Extracted data entries
=== Begin Enclosure ===

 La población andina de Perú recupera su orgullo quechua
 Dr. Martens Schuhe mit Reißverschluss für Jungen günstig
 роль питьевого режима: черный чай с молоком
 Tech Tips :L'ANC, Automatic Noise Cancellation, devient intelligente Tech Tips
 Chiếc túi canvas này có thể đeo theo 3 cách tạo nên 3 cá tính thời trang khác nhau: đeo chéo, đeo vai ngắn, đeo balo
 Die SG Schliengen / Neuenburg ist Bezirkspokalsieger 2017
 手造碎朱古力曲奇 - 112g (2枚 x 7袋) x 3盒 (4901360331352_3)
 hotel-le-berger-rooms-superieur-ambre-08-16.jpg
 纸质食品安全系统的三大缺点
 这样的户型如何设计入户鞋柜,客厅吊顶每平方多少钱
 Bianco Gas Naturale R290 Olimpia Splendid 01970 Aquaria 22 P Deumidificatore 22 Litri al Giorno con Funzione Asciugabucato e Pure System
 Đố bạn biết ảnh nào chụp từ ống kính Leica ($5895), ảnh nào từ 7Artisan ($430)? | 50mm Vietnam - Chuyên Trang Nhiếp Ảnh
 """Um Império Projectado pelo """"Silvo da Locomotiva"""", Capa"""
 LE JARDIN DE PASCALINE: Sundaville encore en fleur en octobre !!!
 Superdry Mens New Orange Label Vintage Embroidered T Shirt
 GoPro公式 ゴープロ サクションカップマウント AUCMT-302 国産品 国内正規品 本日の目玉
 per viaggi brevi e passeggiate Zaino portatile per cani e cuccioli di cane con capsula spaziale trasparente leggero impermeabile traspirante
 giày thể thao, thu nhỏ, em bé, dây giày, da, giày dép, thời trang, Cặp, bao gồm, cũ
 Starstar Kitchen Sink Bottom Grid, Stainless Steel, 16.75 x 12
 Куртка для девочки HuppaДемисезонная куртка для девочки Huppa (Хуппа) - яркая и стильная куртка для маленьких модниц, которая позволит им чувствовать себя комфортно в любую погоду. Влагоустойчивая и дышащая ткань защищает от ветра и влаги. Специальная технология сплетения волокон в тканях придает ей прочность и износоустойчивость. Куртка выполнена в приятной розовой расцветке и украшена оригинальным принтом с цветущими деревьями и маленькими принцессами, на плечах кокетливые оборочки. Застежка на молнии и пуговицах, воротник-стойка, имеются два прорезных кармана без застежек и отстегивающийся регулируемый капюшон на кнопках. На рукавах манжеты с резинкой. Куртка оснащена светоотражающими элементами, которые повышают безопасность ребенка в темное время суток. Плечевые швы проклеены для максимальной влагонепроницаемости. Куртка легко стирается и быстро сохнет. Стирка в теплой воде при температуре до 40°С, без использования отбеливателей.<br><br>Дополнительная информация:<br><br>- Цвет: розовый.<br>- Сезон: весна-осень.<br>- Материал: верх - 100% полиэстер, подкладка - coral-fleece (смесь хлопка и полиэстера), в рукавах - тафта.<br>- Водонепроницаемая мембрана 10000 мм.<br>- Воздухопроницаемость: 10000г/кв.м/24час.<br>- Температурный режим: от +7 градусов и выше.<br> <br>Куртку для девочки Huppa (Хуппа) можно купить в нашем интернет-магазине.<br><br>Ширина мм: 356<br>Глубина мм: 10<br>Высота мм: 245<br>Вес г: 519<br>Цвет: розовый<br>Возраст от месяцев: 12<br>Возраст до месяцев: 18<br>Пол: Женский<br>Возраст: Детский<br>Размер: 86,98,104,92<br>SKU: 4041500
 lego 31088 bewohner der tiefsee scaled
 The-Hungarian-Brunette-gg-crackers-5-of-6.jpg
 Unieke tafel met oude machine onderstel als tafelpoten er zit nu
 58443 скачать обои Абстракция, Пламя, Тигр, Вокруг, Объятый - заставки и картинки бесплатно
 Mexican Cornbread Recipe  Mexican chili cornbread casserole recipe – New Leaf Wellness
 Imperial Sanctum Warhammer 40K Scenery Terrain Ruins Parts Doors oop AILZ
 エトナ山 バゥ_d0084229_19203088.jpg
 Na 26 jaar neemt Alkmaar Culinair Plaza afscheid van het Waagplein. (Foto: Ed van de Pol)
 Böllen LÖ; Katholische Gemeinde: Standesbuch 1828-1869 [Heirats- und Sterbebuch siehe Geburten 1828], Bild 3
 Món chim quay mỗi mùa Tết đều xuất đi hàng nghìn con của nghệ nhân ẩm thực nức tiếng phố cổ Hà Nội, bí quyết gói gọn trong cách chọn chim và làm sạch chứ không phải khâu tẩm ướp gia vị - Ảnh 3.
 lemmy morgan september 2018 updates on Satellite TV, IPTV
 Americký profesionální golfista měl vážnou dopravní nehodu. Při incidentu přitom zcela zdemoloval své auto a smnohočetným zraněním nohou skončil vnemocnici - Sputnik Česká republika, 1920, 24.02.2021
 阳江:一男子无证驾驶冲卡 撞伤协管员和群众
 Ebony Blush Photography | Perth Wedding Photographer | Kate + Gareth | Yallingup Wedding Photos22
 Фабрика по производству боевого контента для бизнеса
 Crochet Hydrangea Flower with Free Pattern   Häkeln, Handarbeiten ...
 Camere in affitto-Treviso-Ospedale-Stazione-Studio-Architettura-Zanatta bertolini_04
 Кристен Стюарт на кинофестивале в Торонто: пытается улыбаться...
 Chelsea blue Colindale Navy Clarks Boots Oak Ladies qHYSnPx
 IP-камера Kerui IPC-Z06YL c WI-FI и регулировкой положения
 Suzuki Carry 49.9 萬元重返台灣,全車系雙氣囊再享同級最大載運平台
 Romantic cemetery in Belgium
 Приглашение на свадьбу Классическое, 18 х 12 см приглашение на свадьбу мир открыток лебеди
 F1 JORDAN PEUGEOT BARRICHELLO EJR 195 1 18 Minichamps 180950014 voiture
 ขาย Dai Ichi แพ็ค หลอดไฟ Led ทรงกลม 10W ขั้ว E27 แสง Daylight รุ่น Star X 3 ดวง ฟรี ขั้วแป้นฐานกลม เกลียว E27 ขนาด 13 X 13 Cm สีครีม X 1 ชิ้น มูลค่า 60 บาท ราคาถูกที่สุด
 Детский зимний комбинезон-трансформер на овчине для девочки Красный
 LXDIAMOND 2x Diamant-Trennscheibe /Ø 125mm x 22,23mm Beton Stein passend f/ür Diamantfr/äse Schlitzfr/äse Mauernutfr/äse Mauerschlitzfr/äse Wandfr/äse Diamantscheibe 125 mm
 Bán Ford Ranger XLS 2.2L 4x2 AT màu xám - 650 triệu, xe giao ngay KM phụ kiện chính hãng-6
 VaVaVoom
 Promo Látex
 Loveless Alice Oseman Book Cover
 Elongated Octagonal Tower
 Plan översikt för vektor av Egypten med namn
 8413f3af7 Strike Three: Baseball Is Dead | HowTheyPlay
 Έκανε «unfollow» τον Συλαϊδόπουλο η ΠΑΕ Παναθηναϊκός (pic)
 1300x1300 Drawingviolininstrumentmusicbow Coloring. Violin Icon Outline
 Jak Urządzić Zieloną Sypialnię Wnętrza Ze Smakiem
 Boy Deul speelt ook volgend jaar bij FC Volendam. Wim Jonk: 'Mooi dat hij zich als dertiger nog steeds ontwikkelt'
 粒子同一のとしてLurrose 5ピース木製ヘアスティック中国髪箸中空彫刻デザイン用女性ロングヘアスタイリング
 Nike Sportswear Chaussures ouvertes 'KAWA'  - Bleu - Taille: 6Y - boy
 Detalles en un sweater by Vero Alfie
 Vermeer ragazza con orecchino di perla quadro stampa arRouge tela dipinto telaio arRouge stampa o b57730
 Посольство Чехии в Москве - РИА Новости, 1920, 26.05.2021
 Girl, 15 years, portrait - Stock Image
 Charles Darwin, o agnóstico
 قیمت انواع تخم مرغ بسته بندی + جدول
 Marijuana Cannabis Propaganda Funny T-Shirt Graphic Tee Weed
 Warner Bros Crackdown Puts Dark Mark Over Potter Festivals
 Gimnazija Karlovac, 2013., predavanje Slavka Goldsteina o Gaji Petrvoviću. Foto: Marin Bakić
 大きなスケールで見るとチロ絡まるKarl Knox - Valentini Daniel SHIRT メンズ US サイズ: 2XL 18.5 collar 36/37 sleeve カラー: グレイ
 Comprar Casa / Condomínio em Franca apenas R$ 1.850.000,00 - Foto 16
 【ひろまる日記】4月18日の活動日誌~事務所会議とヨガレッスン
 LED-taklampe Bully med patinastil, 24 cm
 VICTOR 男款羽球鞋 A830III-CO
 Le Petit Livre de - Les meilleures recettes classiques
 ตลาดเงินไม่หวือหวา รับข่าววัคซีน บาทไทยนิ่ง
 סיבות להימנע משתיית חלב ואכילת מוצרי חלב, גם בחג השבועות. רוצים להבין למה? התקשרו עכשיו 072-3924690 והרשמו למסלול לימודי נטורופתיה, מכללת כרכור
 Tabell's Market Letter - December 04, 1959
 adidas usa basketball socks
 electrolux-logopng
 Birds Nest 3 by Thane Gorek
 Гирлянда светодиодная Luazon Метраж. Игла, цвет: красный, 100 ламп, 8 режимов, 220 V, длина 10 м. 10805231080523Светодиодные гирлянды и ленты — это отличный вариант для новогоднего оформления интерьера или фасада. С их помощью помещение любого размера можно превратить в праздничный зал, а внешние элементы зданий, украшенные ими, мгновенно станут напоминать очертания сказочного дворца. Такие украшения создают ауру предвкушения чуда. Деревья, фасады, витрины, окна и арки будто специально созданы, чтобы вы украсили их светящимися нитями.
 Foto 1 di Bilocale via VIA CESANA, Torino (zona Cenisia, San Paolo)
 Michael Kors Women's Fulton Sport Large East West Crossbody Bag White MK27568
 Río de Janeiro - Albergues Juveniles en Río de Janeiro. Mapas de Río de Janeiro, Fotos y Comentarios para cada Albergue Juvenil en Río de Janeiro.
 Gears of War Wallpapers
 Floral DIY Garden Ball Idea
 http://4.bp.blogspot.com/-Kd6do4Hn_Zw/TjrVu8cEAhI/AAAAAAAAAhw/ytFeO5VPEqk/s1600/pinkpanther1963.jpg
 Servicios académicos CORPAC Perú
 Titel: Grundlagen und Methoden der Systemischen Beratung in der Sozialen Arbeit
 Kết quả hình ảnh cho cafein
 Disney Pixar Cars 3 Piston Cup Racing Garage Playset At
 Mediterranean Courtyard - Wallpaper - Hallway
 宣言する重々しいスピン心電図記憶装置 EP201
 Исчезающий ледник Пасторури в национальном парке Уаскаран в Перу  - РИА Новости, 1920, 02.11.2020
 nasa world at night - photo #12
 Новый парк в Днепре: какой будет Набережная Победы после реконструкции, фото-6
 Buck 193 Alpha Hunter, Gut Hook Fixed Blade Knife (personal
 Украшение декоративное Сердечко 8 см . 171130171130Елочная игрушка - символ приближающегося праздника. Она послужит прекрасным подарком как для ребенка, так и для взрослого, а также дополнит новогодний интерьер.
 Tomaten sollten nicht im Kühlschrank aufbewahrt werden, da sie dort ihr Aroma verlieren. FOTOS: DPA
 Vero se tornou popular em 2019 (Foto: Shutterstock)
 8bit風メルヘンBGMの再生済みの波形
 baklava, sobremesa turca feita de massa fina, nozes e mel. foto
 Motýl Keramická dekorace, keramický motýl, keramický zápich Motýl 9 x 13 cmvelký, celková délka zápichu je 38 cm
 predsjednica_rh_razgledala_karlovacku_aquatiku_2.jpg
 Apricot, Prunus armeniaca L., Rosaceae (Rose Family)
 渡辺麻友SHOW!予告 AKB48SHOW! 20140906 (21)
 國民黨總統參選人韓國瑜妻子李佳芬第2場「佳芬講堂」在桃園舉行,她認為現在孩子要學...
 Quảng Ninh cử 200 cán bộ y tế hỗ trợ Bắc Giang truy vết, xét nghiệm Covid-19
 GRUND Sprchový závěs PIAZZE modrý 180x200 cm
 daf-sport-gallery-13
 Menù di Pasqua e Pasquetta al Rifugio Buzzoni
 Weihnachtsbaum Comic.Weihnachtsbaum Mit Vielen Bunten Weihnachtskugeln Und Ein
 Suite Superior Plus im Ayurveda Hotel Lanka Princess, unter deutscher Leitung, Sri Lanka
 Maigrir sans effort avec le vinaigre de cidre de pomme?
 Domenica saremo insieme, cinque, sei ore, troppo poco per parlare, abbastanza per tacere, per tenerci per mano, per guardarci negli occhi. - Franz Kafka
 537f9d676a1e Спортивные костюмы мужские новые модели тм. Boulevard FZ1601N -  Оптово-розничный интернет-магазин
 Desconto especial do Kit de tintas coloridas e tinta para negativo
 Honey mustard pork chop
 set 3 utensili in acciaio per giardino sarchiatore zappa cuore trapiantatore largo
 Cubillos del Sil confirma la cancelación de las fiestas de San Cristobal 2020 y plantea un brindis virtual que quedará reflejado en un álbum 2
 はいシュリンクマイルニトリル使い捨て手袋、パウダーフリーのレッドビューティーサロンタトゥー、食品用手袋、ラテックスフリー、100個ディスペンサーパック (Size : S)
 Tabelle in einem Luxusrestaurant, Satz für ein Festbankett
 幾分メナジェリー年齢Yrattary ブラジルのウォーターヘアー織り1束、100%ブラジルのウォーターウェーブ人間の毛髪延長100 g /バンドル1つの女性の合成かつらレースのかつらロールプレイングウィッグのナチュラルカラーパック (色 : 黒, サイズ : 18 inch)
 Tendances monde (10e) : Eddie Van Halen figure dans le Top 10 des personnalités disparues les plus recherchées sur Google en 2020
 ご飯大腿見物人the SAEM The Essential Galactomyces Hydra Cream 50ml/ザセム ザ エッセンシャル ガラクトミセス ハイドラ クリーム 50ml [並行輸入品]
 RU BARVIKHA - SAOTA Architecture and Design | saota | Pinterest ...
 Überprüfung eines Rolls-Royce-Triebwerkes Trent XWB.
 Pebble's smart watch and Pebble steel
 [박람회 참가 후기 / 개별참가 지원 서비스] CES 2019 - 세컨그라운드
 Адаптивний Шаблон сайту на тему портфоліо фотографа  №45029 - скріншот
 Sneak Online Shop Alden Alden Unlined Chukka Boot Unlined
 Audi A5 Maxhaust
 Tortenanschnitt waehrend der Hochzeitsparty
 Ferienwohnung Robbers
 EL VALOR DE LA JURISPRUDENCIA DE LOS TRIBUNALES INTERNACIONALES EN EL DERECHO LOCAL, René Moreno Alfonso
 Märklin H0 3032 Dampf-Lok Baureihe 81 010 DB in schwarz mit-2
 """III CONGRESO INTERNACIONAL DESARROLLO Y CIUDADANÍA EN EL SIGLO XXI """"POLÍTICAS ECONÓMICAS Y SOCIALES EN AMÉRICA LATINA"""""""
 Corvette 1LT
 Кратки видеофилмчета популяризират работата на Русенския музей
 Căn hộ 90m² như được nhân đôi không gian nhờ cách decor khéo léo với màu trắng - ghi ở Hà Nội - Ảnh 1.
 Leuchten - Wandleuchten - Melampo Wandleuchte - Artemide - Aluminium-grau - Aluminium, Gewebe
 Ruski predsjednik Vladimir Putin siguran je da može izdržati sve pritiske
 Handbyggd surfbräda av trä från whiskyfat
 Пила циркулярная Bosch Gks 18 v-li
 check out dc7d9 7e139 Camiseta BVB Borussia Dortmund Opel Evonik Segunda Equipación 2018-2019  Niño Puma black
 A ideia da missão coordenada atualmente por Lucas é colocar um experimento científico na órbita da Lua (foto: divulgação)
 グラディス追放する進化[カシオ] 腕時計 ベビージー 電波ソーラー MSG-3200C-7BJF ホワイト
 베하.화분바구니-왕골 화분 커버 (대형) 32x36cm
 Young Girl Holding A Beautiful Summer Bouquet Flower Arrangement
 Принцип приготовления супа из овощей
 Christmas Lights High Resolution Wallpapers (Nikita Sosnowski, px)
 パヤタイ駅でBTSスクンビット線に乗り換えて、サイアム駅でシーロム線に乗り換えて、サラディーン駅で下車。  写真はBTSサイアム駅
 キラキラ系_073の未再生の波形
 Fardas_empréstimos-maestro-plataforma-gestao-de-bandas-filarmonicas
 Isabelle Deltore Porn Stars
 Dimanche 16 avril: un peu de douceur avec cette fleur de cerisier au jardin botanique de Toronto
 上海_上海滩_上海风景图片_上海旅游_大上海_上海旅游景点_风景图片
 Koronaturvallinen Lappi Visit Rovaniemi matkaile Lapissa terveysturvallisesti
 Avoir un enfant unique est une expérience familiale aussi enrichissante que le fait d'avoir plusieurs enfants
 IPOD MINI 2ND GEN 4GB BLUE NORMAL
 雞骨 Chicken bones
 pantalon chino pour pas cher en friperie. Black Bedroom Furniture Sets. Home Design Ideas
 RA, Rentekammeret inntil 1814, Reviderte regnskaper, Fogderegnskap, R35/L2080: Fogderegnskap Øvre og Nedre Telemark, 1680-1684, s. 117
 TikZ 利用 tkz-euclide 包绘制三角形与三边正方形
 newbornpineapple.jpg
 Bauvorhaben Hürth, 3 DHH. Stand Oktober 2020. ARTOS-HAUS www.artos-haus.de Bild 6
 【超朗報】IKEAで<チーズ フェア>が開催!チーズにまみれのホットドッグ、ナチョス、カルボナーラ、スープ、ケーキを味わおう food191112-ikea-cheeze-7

=== End Enclosure ===

Your answer should consist solely of the lines above from the line with "Comprar Casa /" to the line with "Birds Nest 3 by Thane Gorek", both included, reproduced exactly.

TASK ANSWER:
 Comprar Casa / Condomínio em Franca apenas R$ 1.850.000,00 - Foto 16
 【ひろまる日記】4月18日の活動日誌~事務所会議とヨガレッスン
 LED-taklampe Bully med patinastil, 24 cm
 VICTOR 男款羽球鞋 A830III-CO
 Le Petit Livre de - Les meilleures recettes classiques
 ตลาดเงินไม่หวือหวา รับข่าววัคซีน บาทไทยนิ่ง
 סיבות להימנע משתיית חלב ואכילת מוצרי חלב, גם בחג השבועות. רוצים להבין למה? התקשרו עכשיו 072-3924690 והרשמו למסלול לימודי נטורופתיה, מכללת כרכור
 Tabell's Market Letter - December 04, 1959
 adidas usa basketball socks
 electrolux-logopng
 Birds Nest 3 by Thane Gorek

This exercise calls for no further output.